Une réflexion globale sur la plus-value pédagogique apportée par le numérique et le manuel numérique est demandée par le SE-UNSA.

  • Quel est l’intérêt pédagogique du manuel dématérialisé ? Est-il adapté à tous les enseignants et à tous les enseignements ? Le professeur de Français par exemple souhaite en général que les élèves puissent lire des extraits longs d’œuvres classiques dans le manuel papier. Le professeur d’Histoire Géographie apprécie le manuel papier pour pourvoir travailler sur plusieurs documents en même temps. Sur l’ordinateur l’élève voit les documents les uns après les autres.
  • Ce sont les enseignants qui doivent choisir les manuels papiers ou numériques qui leur semblent être les meilleurs supports pédagogiques parmi les offres existantes. Le SE-UNSA demande que cette liberté de choix pédagogique des enseignants soit respectée.
  • Un audit du coût du passage au numérique serait bienvenu. Les manuels papiers peuvent être utilisés durant de nombreuses années alors que les licences des manuels numériques doivent souvent être achetées chaque année. Il faut que les enseignants puissent faire le choix du manuel numérique en toute connaissance de cause.
  • Le manuel numérique est-il téléchargeable ou doit-il obligatoirement être consulté en ligne, avec les problèmes de connexion que cela peut impliquer ?
  • Certains manuels numériques sont interactifs, les élèves peuvent y écrire, faire des exercices, voire y trouver de la remédiation… D’autres non. S’il s’agit simplement de manuels qui sont une version pdf du manuel papier, autant utiliser le manuel papier !
  • Les décideurs ne se sont pas préoccupés des vraies attentes en outils numériques qui diffèrent selon les disciplines (logiciels, applications etc…), outils qui peuvent présenter un réel intérêt dans certaines matières où la simple version numérique d’un manuel papier fait pâle figure … Une réflexion et une formation sur l’utilisation du numérique pour chaque discipline aurait dû être le préalable à toute décision et doit maintenant accompagner un projet qui ne peut rester en l’état .

Qui va s’occuper de quoi ?

Pour le SE-Unsa, Il faut aujourd’hui un personnel référent permanent bien formé dans chaque lycée , ayant du temps pour accompagner ses collègues et à même de les former à son tour.

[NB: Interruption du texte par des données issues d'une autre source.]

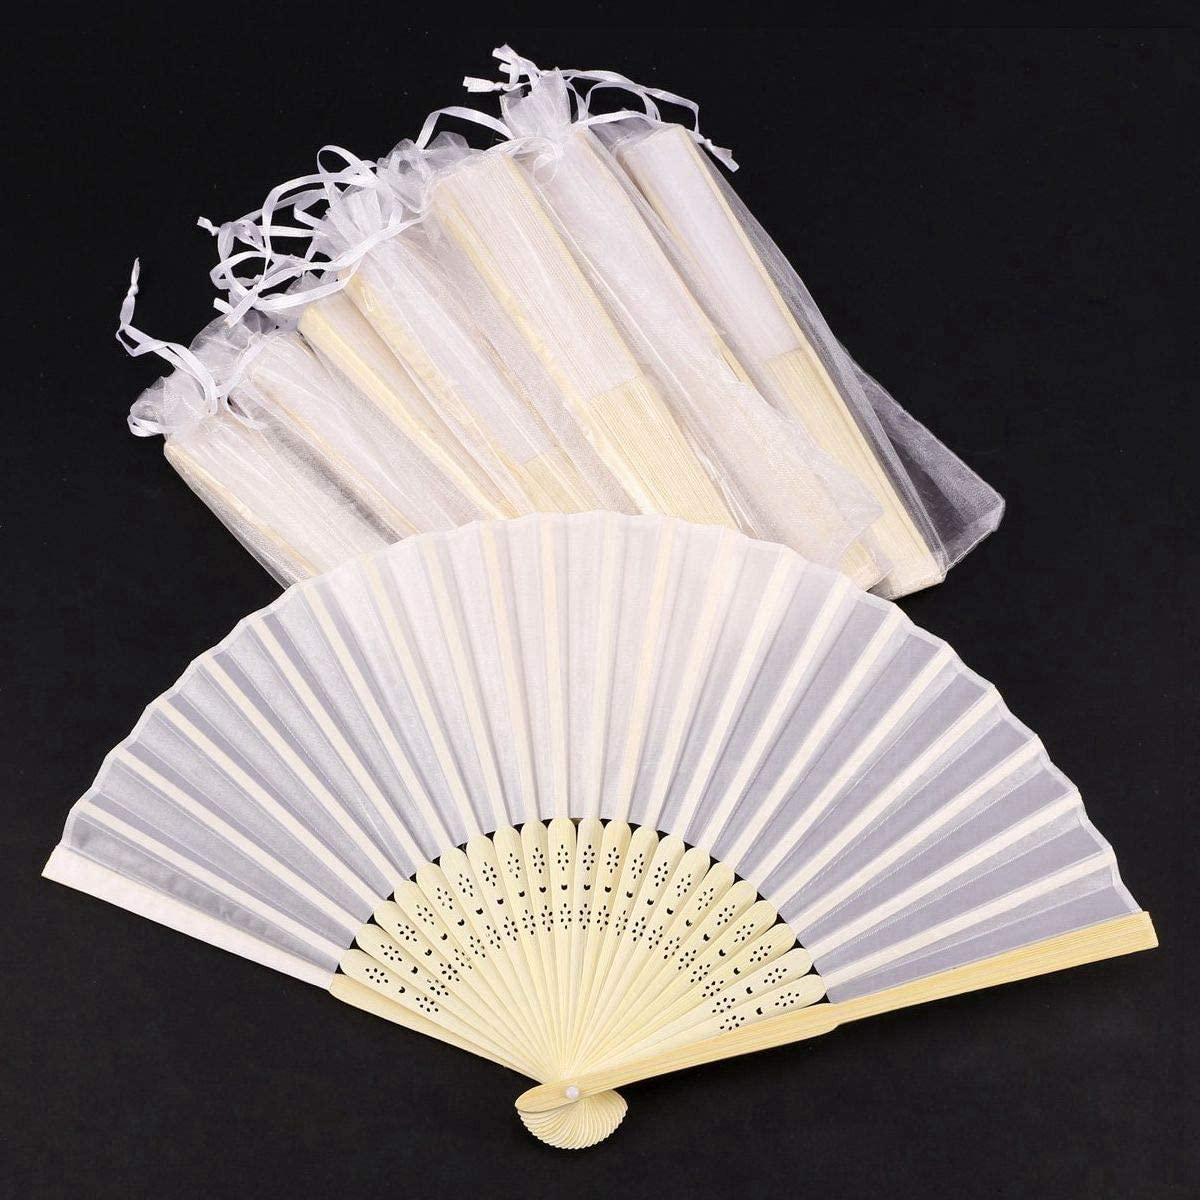 24 Stueck Los Weiss Falten elegante Seide Hand Fan mit Geschenktuete Hochze 1I

La gestion des manuels et autres futurs outils numériques implique une surcharge de travail importante. Il est inenvisageable de confier cette responsabilité aux seuls professeurs documentalistes, sans formation préalable et sans avoir fixé avec eux une nouvelle répartition des tâches et de nouvelles conditions d’exercice de leur métier. Qui sera responsable des outils numériques ? L’élève, chaque enseignant, le professeur documentaliste, le gestionnaire, le chef d’établissement, la région ? Tout cela mérite d’être éclairci rapidement !

Enfin, alors que la région engloutit dans ce projet plus de 72 millions d’euros, le SE – Unsa déplore qu’elle ait refusé (assez mesquinement) d’équiper les enseignants en matériel alors que leurs élèves le seront…

Pour le SE-UNSA, le passage et le rythme de passage au numérique ne peuvent être imposés.  Cela doit pouvoir être progressif et répondre aux demandes des enseignants, des coordonnateurs de discipline et du Conseil d’Administration. Le Lycée 4.0. trop vite imposé,  entraîne, comme le montre l’enquête, une surcharge des tâches et une dégradation des conditions de travail pour les enseignants, sans toujours garantir une plus  value pédagogique à ce stade. Le SE-Unsa plaide pour un lycée où l’utilisation du numérique serait facilitée, concertée et accompagnée, bien loin du choix dogmatique imposé aujourd’hui par la région sans concertation des acteurs.